Gozo, population 31,000, has seen more new residential units approved in the last five years than in the previous twenty. Locals joke—darkly—that the ferry to Mġarr should start charging by the crane. But the humour masks anxiety. Traditional farmhouses are being snapped up by speculators, their limestone walls gutted to make way for plunge-pool rooftops marketed to digital nomads. Rents in Victoria have doubled since 2019; young Gozitans increasingly migrate to Malta or abroad, accelerating the very demographic decline the government says the towers are meant to reverse.

“Alex Borg’s voice-note is the smoking gun we’ve been waiting for,” said Sandra Depasquale, spokesperson for Moviment Graffitti, which last weekend draped a 20-metre banner from the Citadel reading “Cranes ≠ Community”. “It proves what we’ve always claimed: Gozo is being treated as a Monopoly board for a handful of tycoons.”

Borg, 38, built his first apartment block at 24 after converting his father’s small construction yard into a development empire. He is not shy about his success—his Instagram feed is a carousel of champagne toasts, helicopter commutes and foundation-stone selfies. Until yesterday he enjoyed cosy access to the highest echelons of power: he accompanied Abela on a 2021 trade mission to Dubai and donated €50,000 to Labour’s 2022 election war chest. In the leaked audio he laughs that “a quick call to the ministry” can solve any planning snag.

The fallout has been swift. By Wednesday evening, #CraneHog had overtaken #Eurovision as Malta’s top Twitter trend, and a satirical TikTok super-imposing Borg’s face onto a hedgehog racked up 300,000 views. More damagingly, three backbench Labour MPs from Gozo—all facing re-election in 2027—have publicly urged a moratorium on high-rise outside the existing Mġarr harbour zone. One of them, Maria Farrugia, told NET TV that “if we concrete every field, we’ll have nothing left to sell but concrete.”

The Nationalist Party, sensing blood, has tabled an urgent motion in Parliament demanding publication of all correspondence between Borg’s ABC Developments and the Planning Authority.

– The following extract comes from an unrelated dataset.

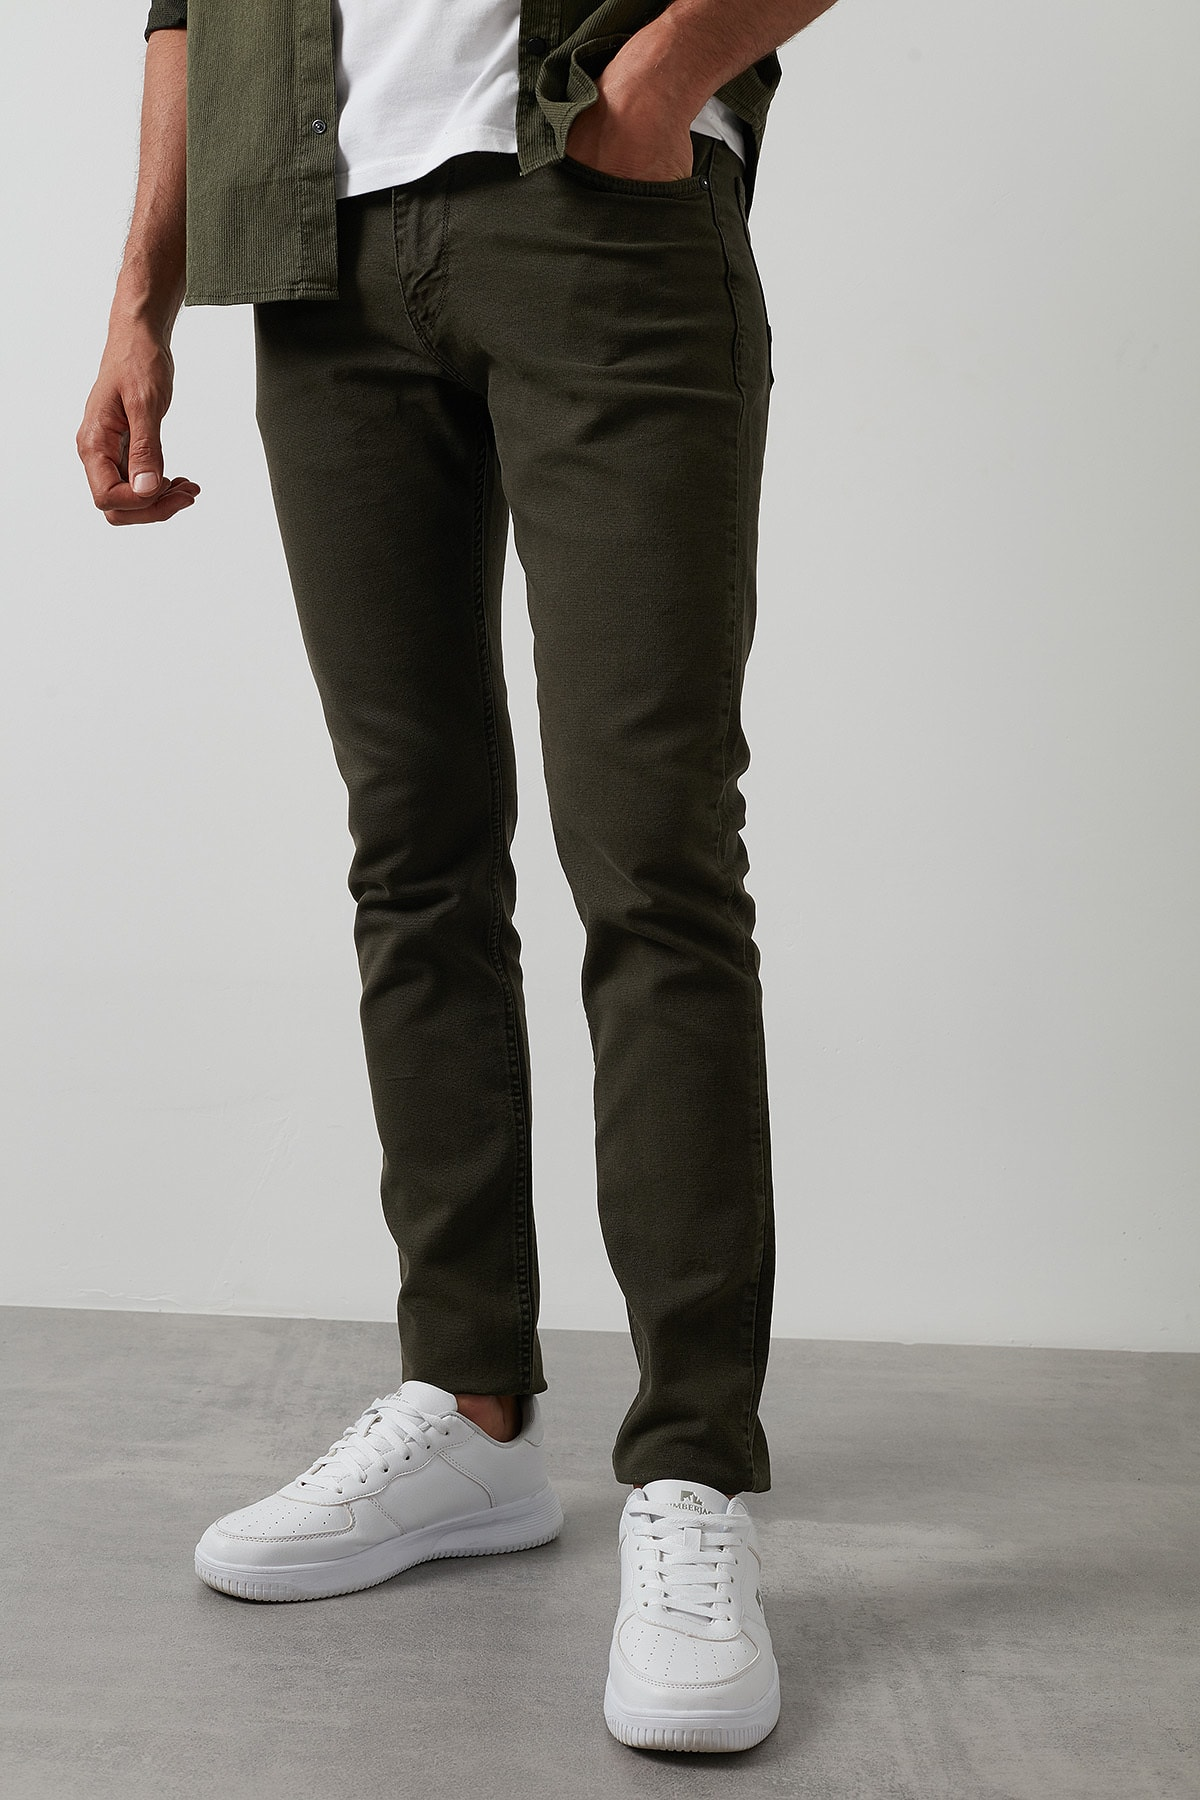 Buratti Erkek Haki 7267f4132zagor Regular Fit Pamuklu Jeans Kot Pantolon 0

PN leader Bernard Grech toured Xewkija on Thursday morning, posing for photos with villagers serving ftira and insisting that “Gozo’s soul is not for sale.” Even President Myriam Spiteri Debono, usually above the fray, issued a rare statement reminding stakeholders that “the Maltese Islands’ cultural landscape is a UNESCO-tentative asset we hold in trust.”

Cultural guardians fear the erosion of Gozo’s unique identity. Professor Arnold Cassar, anthropologist at the University of Malta, points out that the island’s terraced fields, dry-stone walls and baroque parishes have survived Phoenicians, Romans and Napoleon, “but they may not survive the crane”. “Gozo has always been Malta’s antidote to frenzy,” Cassar said. “If it becomes a smaller Malta, we lose the yin to our yang.”

Business leaders are split. The Malta Developers Association warned that “demonising entrepreneurs scares away the investment that keeps Gozitan youths in jobs,” while the Gozo Tourism Association countered that boutique farmhouses generate €120 million annually—more than high-rise ever could. Hoteliers worry that postcard views of church spires will be replaced by glass balconies, deterring the very tourists the towers claim to house.

Abela now finds himself squeezed between the electorate’s green awakening and a cash-flush construction lobby that bankrolls campaigns. Sources inside Castille say the Prime Minister has ordered an internal audit of all pending Gozo high-rise applications and instructed Clint Camilleri to draft a “Gozo Skyline Policy” within 60 days. Whether that calms the storm—or merely parks it until the next voice-note—will determine if Labour can retain its historic Gozo majority.

Meanwhile, villagers are planning a silent candle-lit march from the Xewkija rotunda to the Ta’ Muxi site on Sunday evening, organisers urging participants to bring nothing but “a candle and a love for our island”. In the leaked audio, Borg scoffs that “protesters will move on; concrete is forever.” This time, Gozitans say, they intend to prove him wrong.